1932 год. — На Украине голод. Он произведен распоряжениями центральной власти — не сознательно, но бездарностью властей. Доходило до людоедства[86]. В конце концов местная украинская власть оказалась бессильной. Кончилось самоубийством Скрыпника[87] — хотя украинское правительство исполняло веления Москвы. Крестьяне бежали в Москву, в Питер много детей вымерло. В то же время в связи с неприятием колхозов (Второе (народное) Крепостное Право — Всесоюзная (народная) Коммунистическая Партия) <последовали репрессии>. Л. Н. Яснопольский[88] бежал из Киева от голода в Москву.
В феврале 1932 года я так и не мог видеть Молотова, так как он сидел целые дни и вечера в связи с какими-то происходящими в это время аграрными преобразованиями. Мне кажется, в это время шла какая-то большая работа по учету колхозов и совхозов?
В это время Молотов только принял Гамова[89], который его обманул и не вернулся. Молотов был тогда еще homo novus и только приобретал влияние. Я встретил Гамова в Париже, и он сразу — в разговорах и поступках — ясно выступал, открыто говорил об условиях нашей жизни — о терроре и бестолочи. Гамов имел большой успех как ученый своими мировыми <работами>.

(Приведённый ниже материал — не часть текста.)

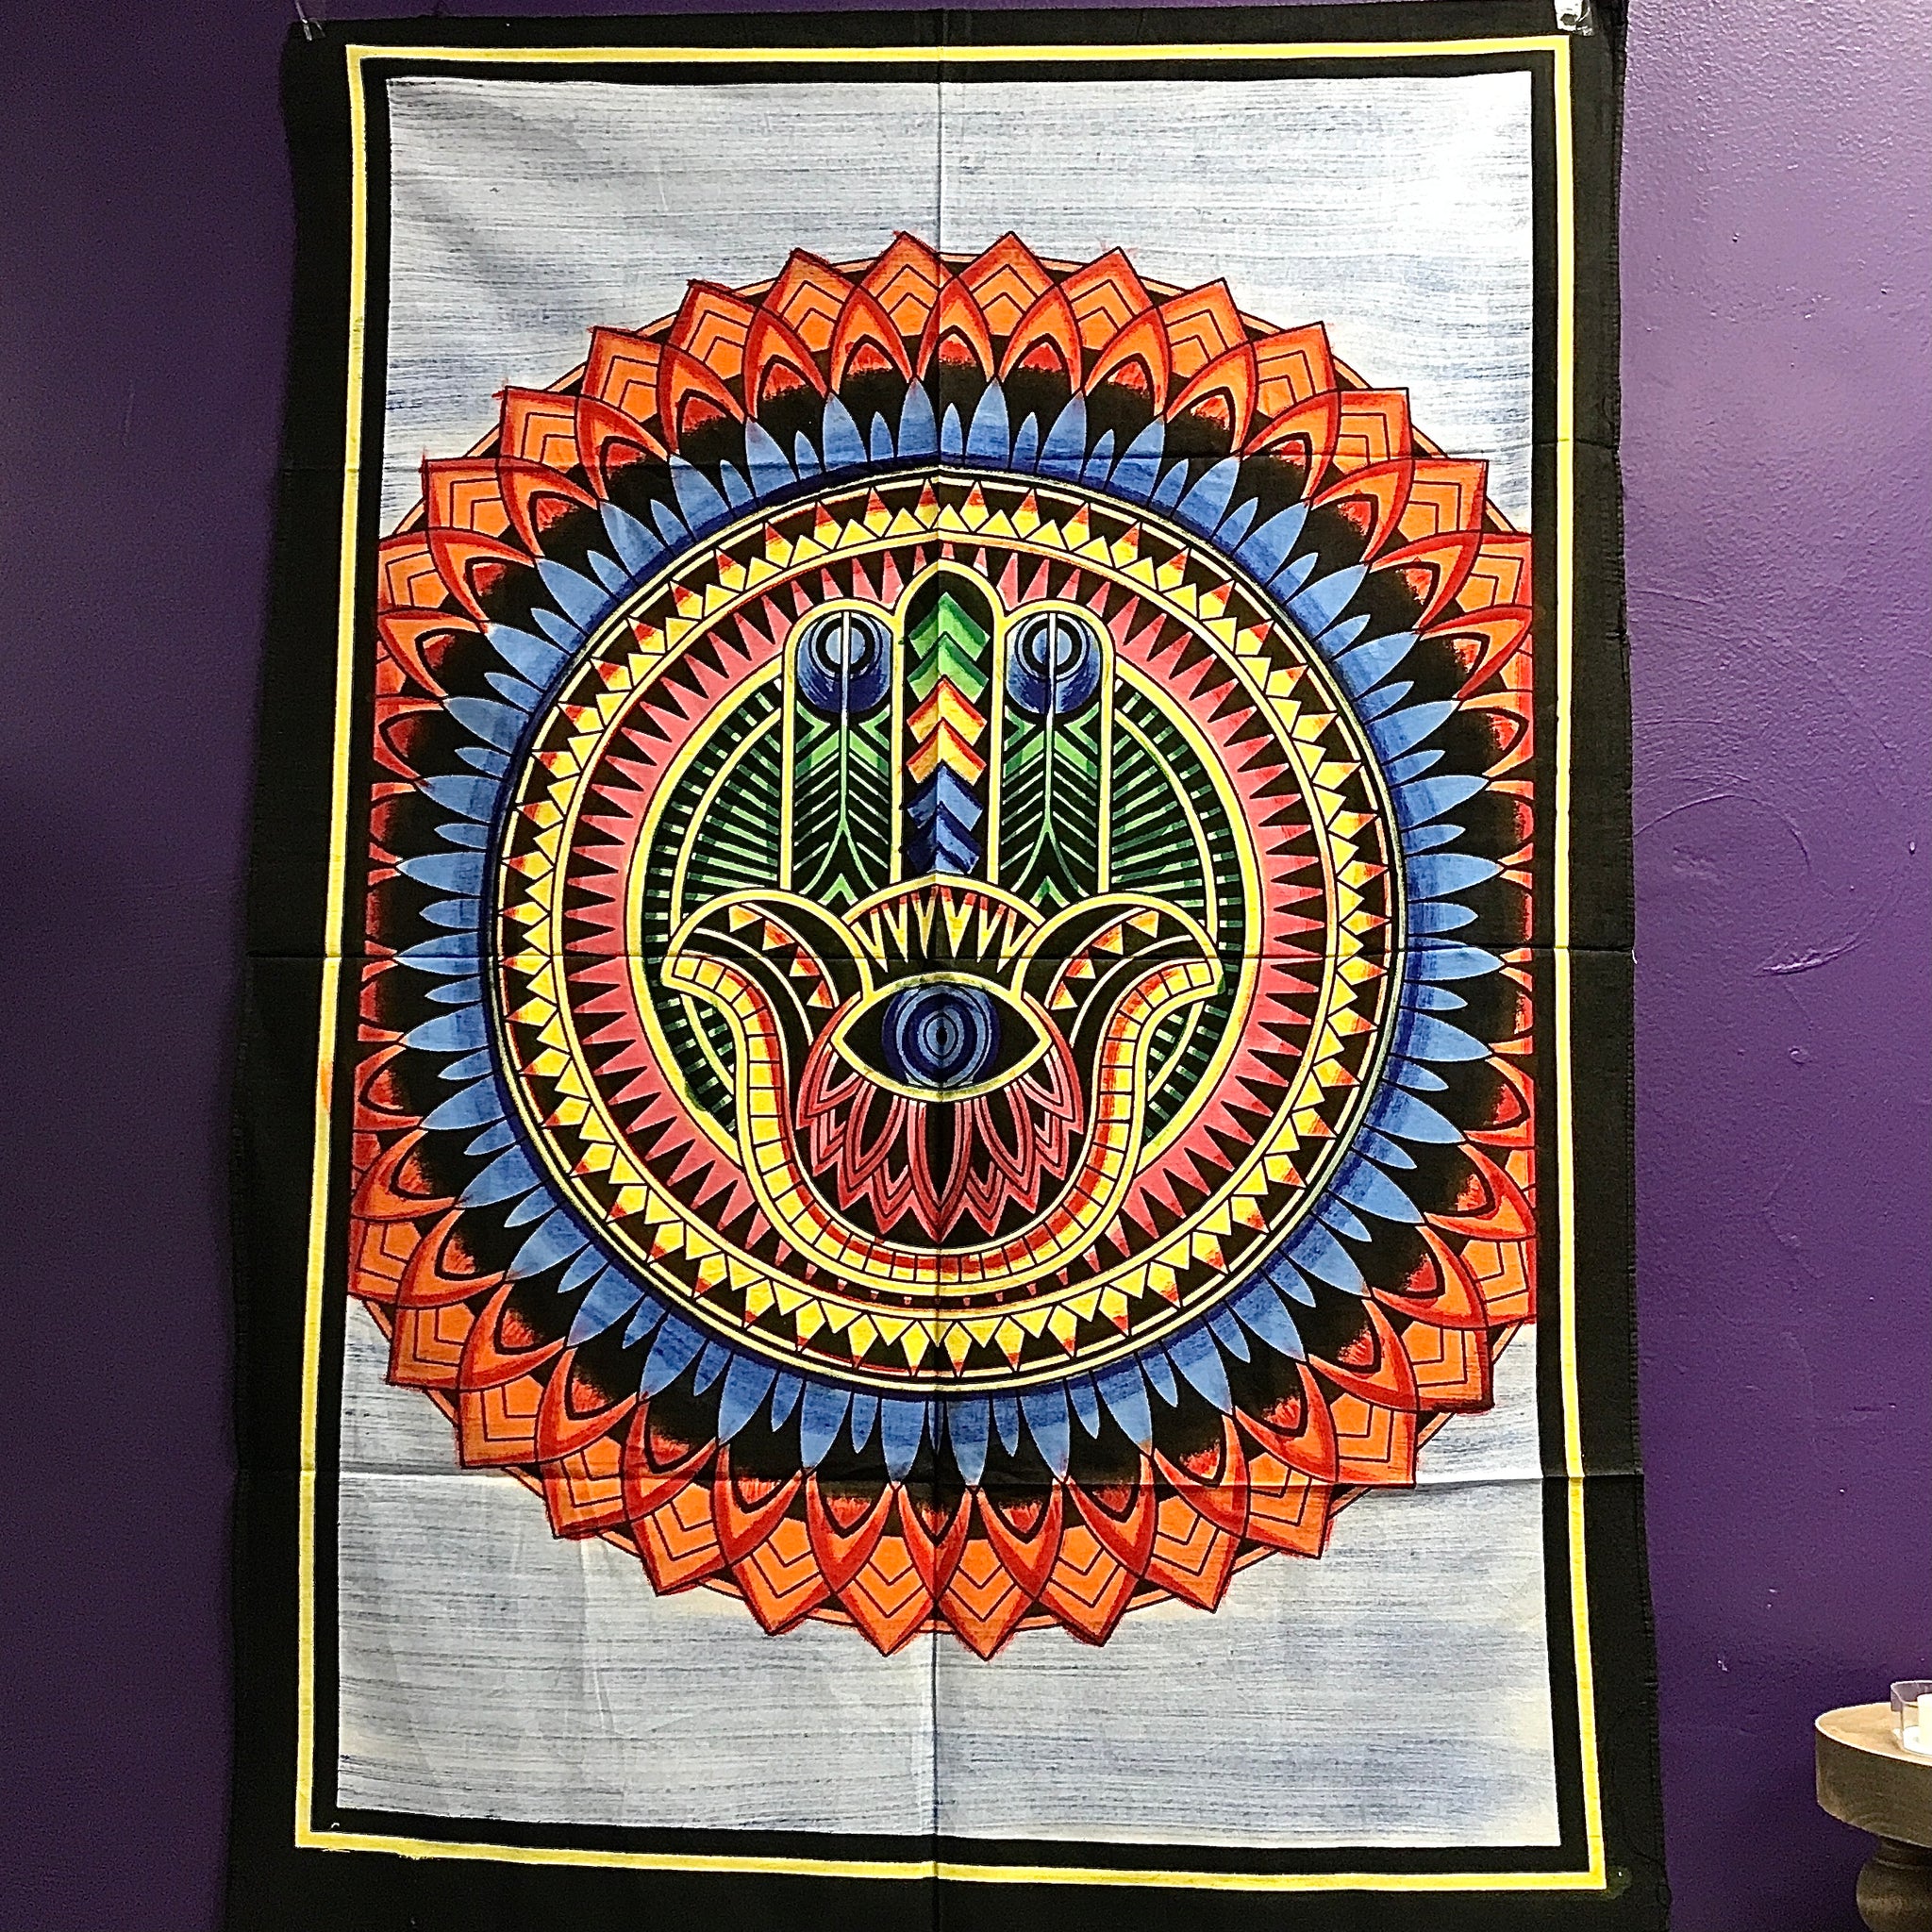 Tapestries - In Assorted Spiritual Designs
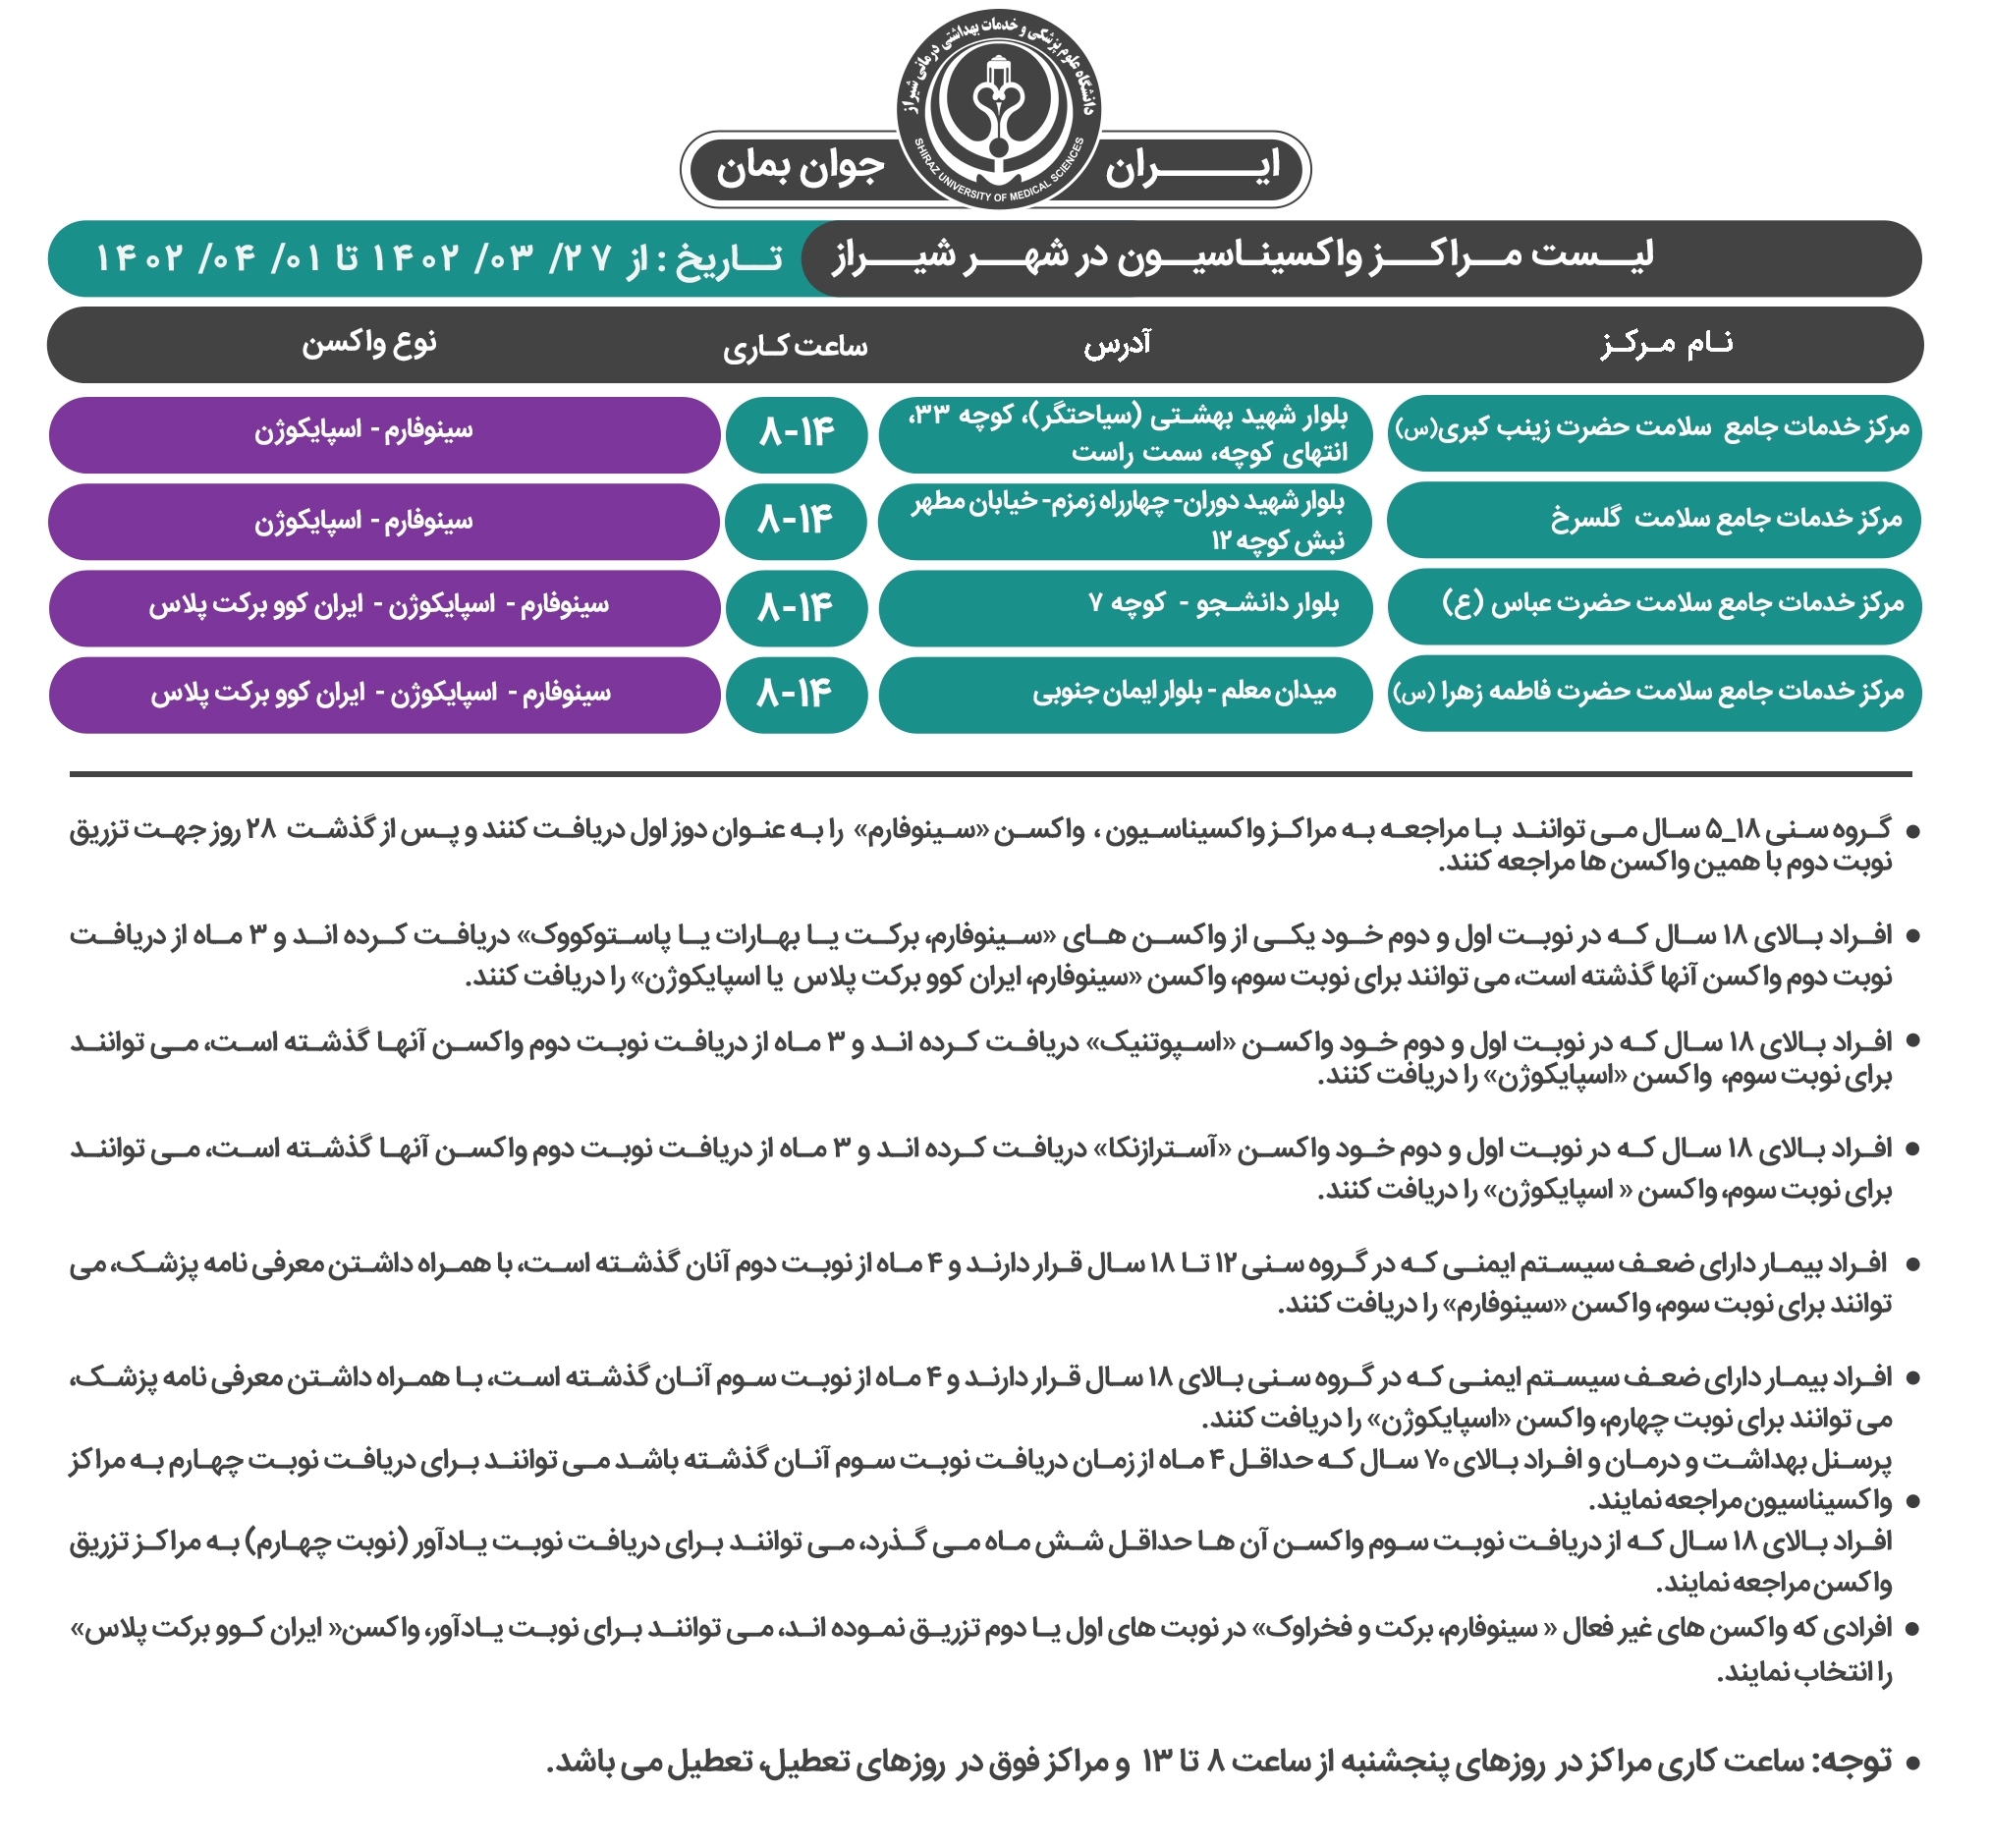 اعلام مراکز واکسیناسیون کرونا در شیراز

В конце концов Молотов поручил мое дело Куйбышеву, который прочел мою записку, и в связи с этим я имел с ним короткий разговор. Впечатление от него было скорее благоприятное. Очень <был> любезен. «Зачем же Вы хотите уехать?» — <спросил он>. Я ему сказал, что они заставляют меня уехать, так как здесь — без заграничных командировок — я не могу иметь нужных для меня условий научной работы. Я желаю этого избежать, так как работа, которую я здесь веду, мне дорога и ломать ее я не хотел бы. «Вы меня заставляете <уехать, — говорил я, — не давая возможности вести основную мою работу, которой я, как ученый, жертвовать не могу и где я дошел до больших обобщений».
Куйбышев, который произвел на меня впечатление порядочного человека, заявил мне, что я могу ехать, но он просил меня пробыть <в Москве> еще несколько дней и принять участие в Совещании по гелию, которое на днях <должно было> состояться в Кремле под его председательством.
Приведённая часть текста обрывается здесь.